Wherobots discourages using a public S3 bucket to create a Spatial Catalog.
Granting any external entity write access to a public S3 bucket is strongly discouraged as it is unaligned with security best practices. Therefore, Wherobots advises against using a public bucket to create a Spatial Catalog, since doing so would require giving Wherobots write access. In line with security best practices, we recommend using a private S3 bucket for your Spatial Catalog.
To create a Spatial Catalog from a storage integration, do the following:
- Log in to Wherobots Cloud.
- Click Spatial Catalog.
- Click Create Catalog.
- In the Name field, enter a name for your Spatial Catalog.
- In the Storage dropdown, select a private bucket.
- (Optional) In the Path field, enter the sub-folder where you’d like to store this Spatial Catalog within your Amazon S3 bucket.
Info
To use new storage integrations or catalogs in your notebooks, you must start a new runtime. Notebooks can only access storage integrations or catalogs that were created before the runtime started.

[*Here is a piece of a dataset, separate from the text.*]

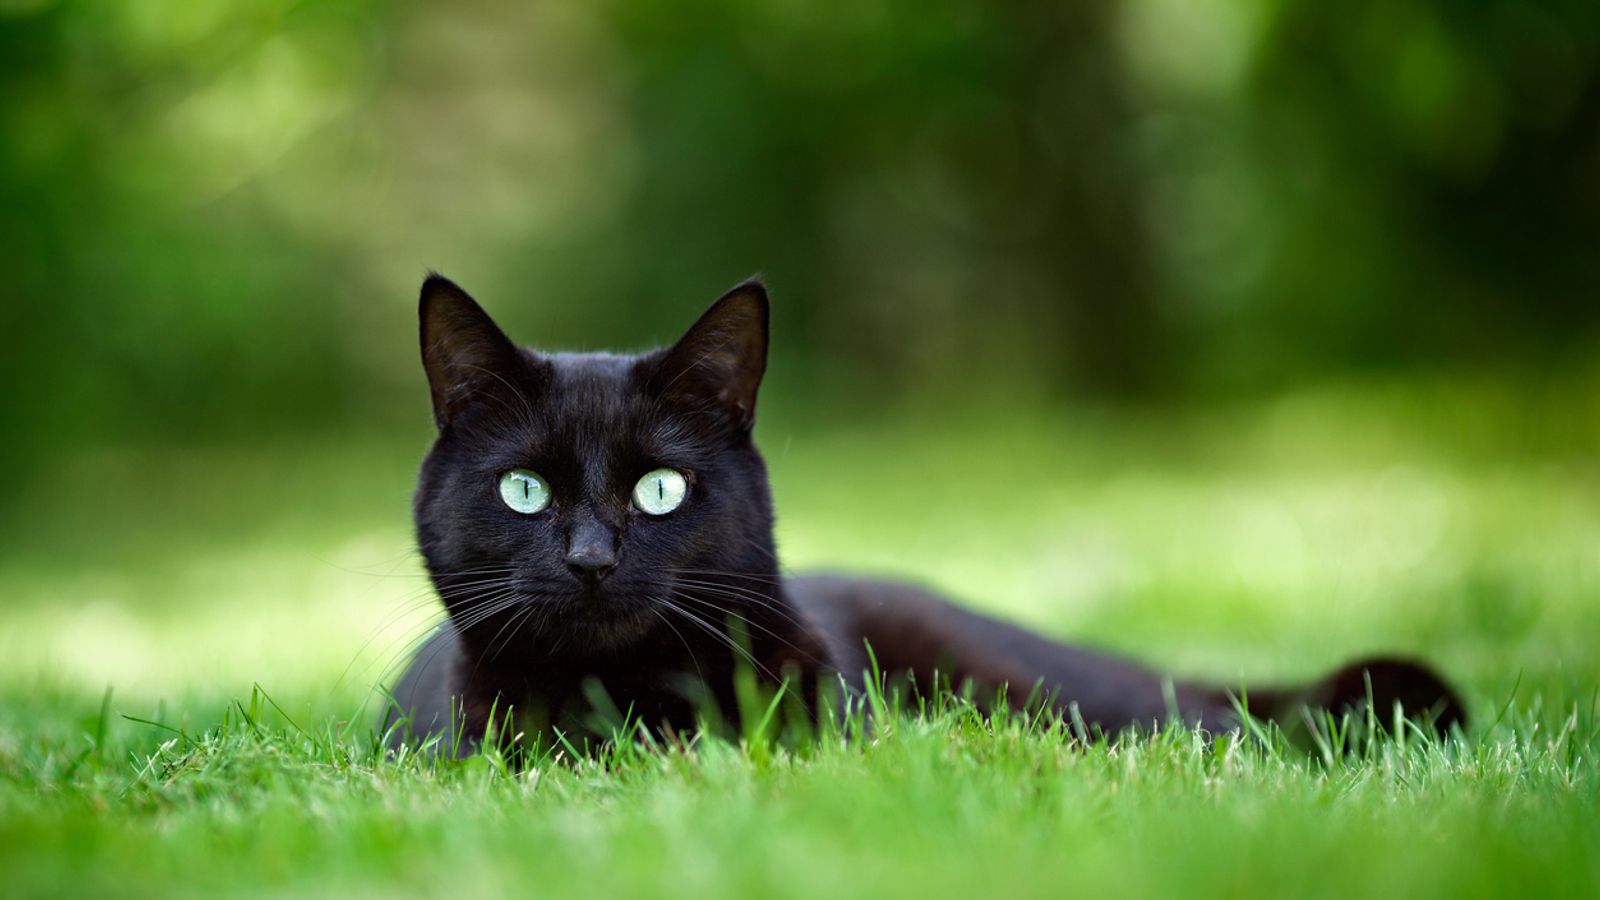 Black cat lying in grass and looking directly at the camera.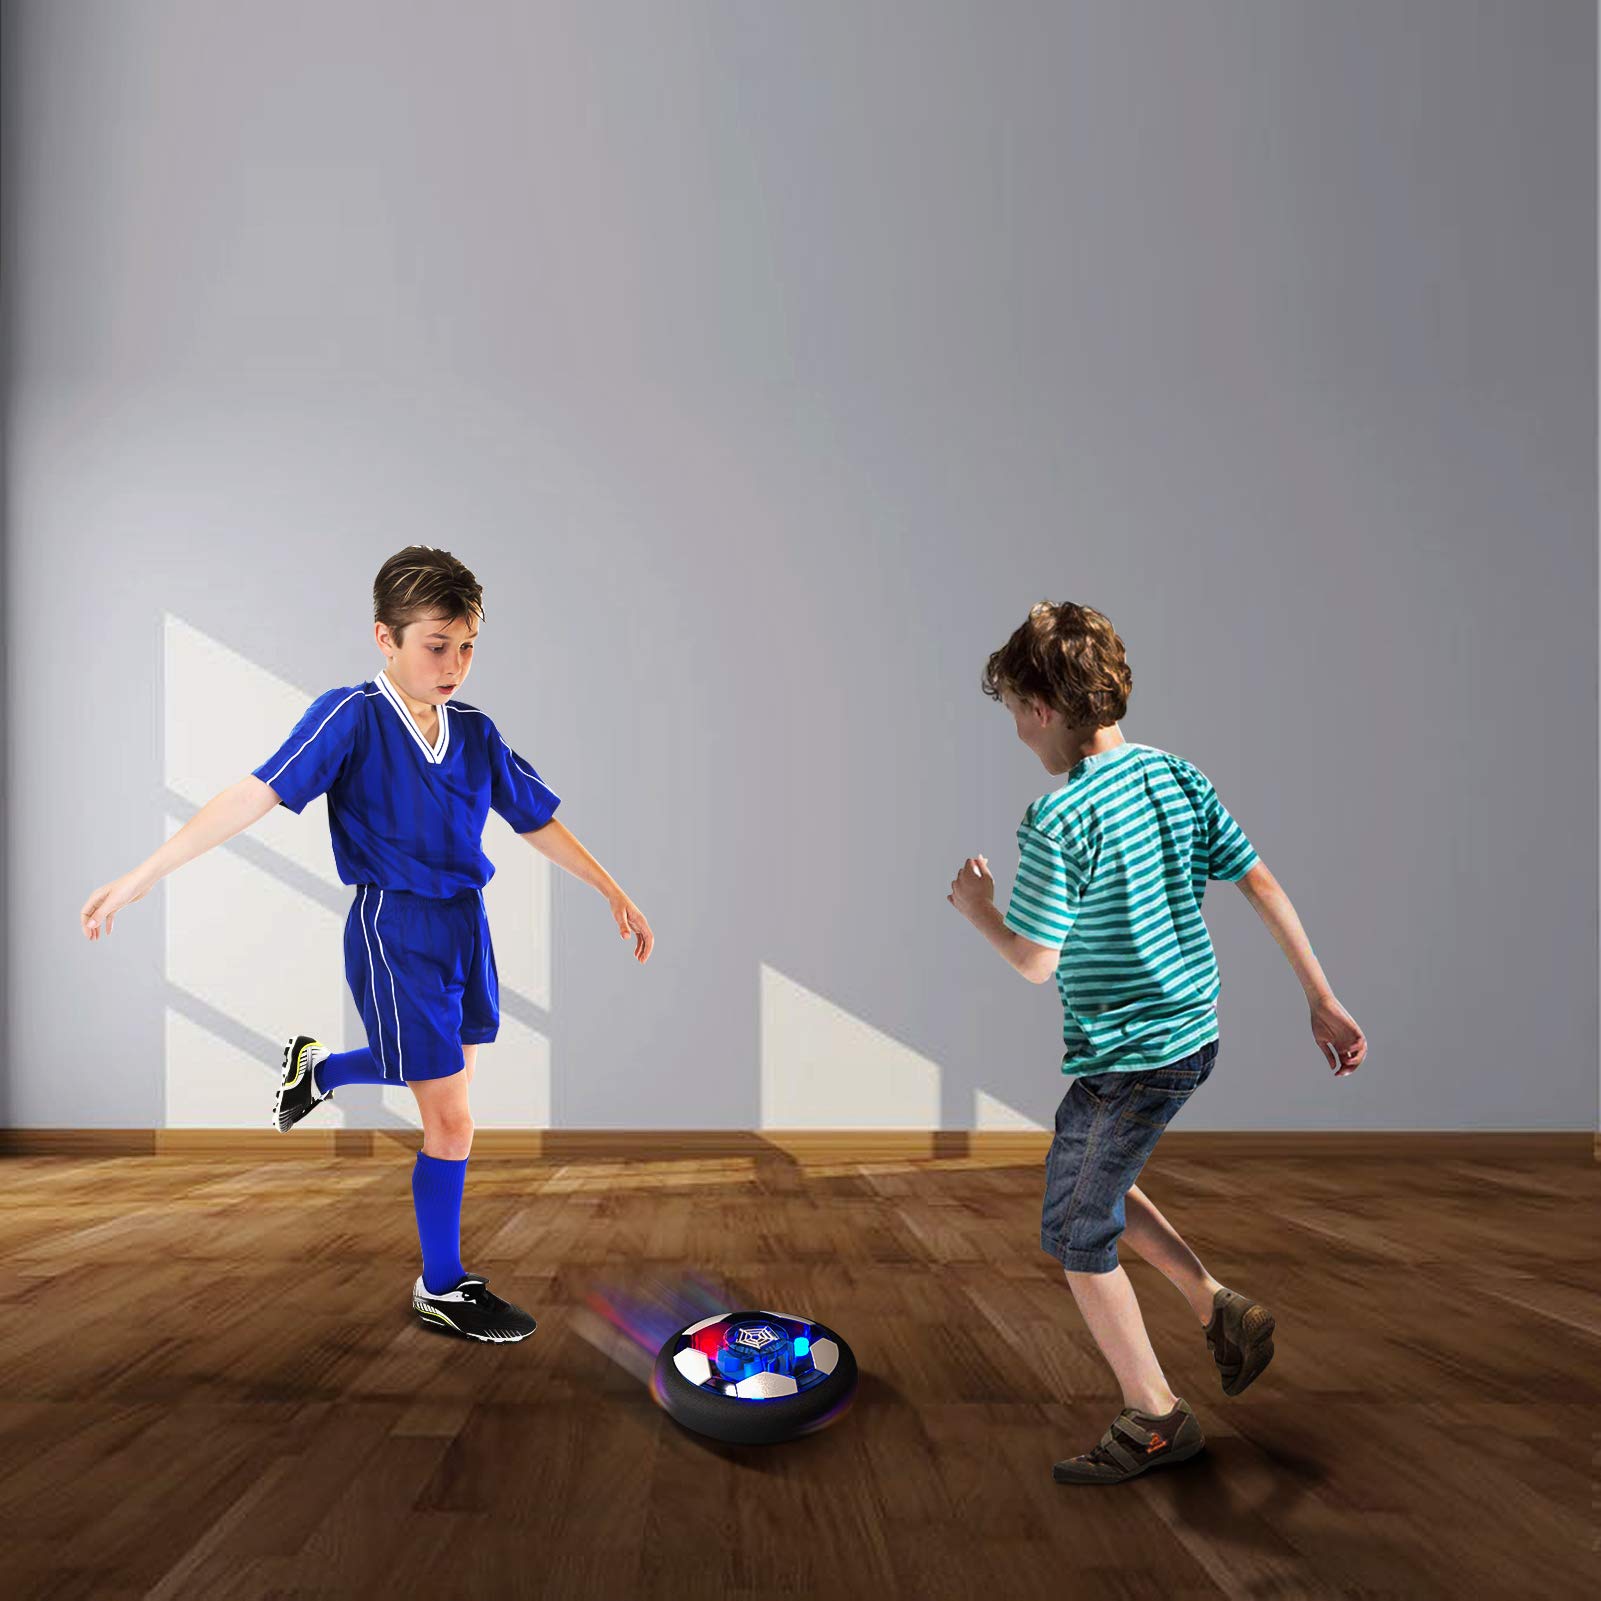 Air Power Soccer - Rechargeable Hover Ball Indoor Football With Led, Super  Fun To Play Soccer

Storage integration limitations¶
Currently, Wherobots' Amazon S3 integration has the following limitations:
- In Wherobots Cloud, your Amazon S3 bucket's path cannot contain periods. For example,
s3://my.bucket.name
is not allowed. Acceptable S3 bucket paths can consist of alphanumeric characters, underscores, equal signs, and dashes. - A bucket can only be configured with a single storage integration.
- Granting any external entity write access to a public S3 bucket is strongly discouraged as it is unaligned with security best practices. Therefore, Wherobots advises against using a public bucket to create a Spatial Catalog, since doing so would require giving Wherobots write access. In line with security best practices, we recommend using a private S3 bucket for your Spatial Catalog.